The majority clearly believed otherwise, owing in part to John Brown's reputation from the Kansas violence and the cavalier way in which the abolitionists had entrusted 200 rifles to him for safekeeping. In this connection the committee elicited from some of the witness strong statements about their desire to end slavery and about their belief in a "higher law" that empowered them to challenge slavery.

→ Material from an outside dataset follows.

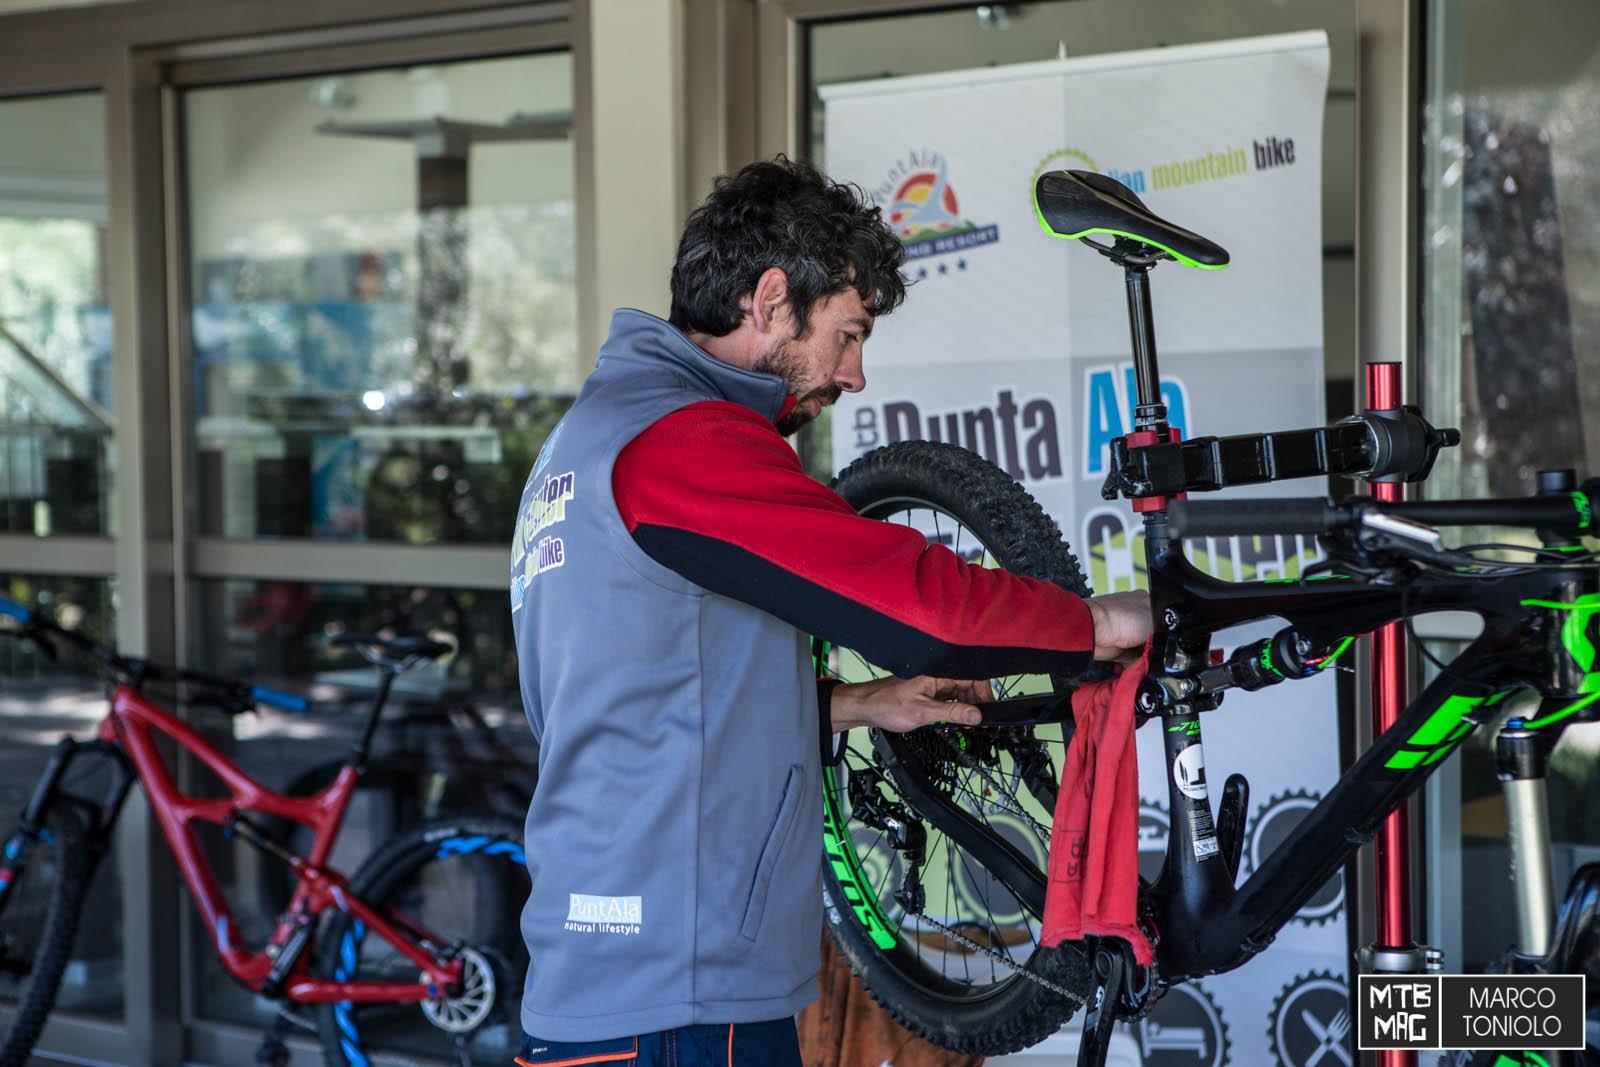 Davide Brugnoli si è occupato della cura delle bici. Lavora come meccanico nel Punta Ala Trail Center, in espansione nel 2016.

The majority concluded that John Brown and his colleagues were "lawless ruffians" against whom the laws of the states were proof and that the United States was without the power to legislate. The majority warned that "If the several states, whether from motives of policy or a desire to preserve the peace of the Union, if not from fraternal feeling, do not hold it incumbent on them, after the experience of the country to guard in future by appropriate legislation against occurrences similar to the one here inquired into, the committee can find no guarantee elsewhere for the security of peace between the States of the Union."

The minority took a different tack, observing that "It is almost astonishing that in a country like ours, laden with the rich experience of the blessings of security under the protection of law, there should still be found large bodies of men laboring under the infatuation that any good object can be affected by lawlessness and violence." And as illustration of this view they referred to the filibusters who invaded neighboring countries for the apparent purpose of bringing such lands under American dominion for the expansion of slavery, those who violated the laws against engaging in the slave trade and the border ruffians who entered the Kansas Territory for the purpose of securing the permanence of slavery there.

The minority continued, "While this act of violence and treason, and the alarm, suspicion, suffering and death it involves are so deplorable, we cannot but see that the lessons which it teaches furnish many considerations of security against its repetition", not the least of which was that the ages might not produce another John Brown and provide him with resources.

An interesting footnote to the committee's hearing and dueling reports is that, shortly after the Senate adopted the resolution to establish the select committee, Senator William Bigler, Democrat from Pennsylvania, offered a bill, designated S. 72, that empowered that the President to summon and employ the militia "whenever the United States, or any State or Territory thereof, shall be invaded, or be in in imminent danger of invasion, from any place whatever, whether external or internal, to the United States". The bill was referred to the select committee on the invasion of Harper's Ferry. When Senator Mason offered the committee's report to the Senate, he also moved that the committee be relieved of any further obligation to consider Bill S. 72.

When after the 1860 election the states of the deep south began to secede, President James Buchanan lamented that, although he believed that secession was unlawful, he lacked to authority to take action against it. Had Bill S. 72 become law, it might have provided the legal authority that the president said he lacked based upon the argument that the secession governments constituted domestic invasions. If it had been enacted and provided the power, the question remains whether President Buchanan would have had the backbone to use it.

President Buchanan has never rank highly within the pantheon or American deities, so it is easy to think ill of him. President Buchanan had sent a vessel to Charleston with supplies for the garrison at Fort Sumter, but Confederate batteries at the mouth of the harbor fired on it and drove it away. President Lincoln advised the Confederates that he was sending food to Fort Sumter, but if the expedition was fired upon it would put ashore additional troops and ammunition. General Pierre G.T. Beauregard, in commend of Confederate forces at Charleston, regarded Fort Sumter, if held by an adequate force, a perfect Gibraltar. The situation forced the Confederates to fire on the fort before it was strengthened. When the Confederates fired on the national flag, they largely unified northern public opinion in favor of using force to preserve the Union, a luxury that President Buchanan did not enjoy.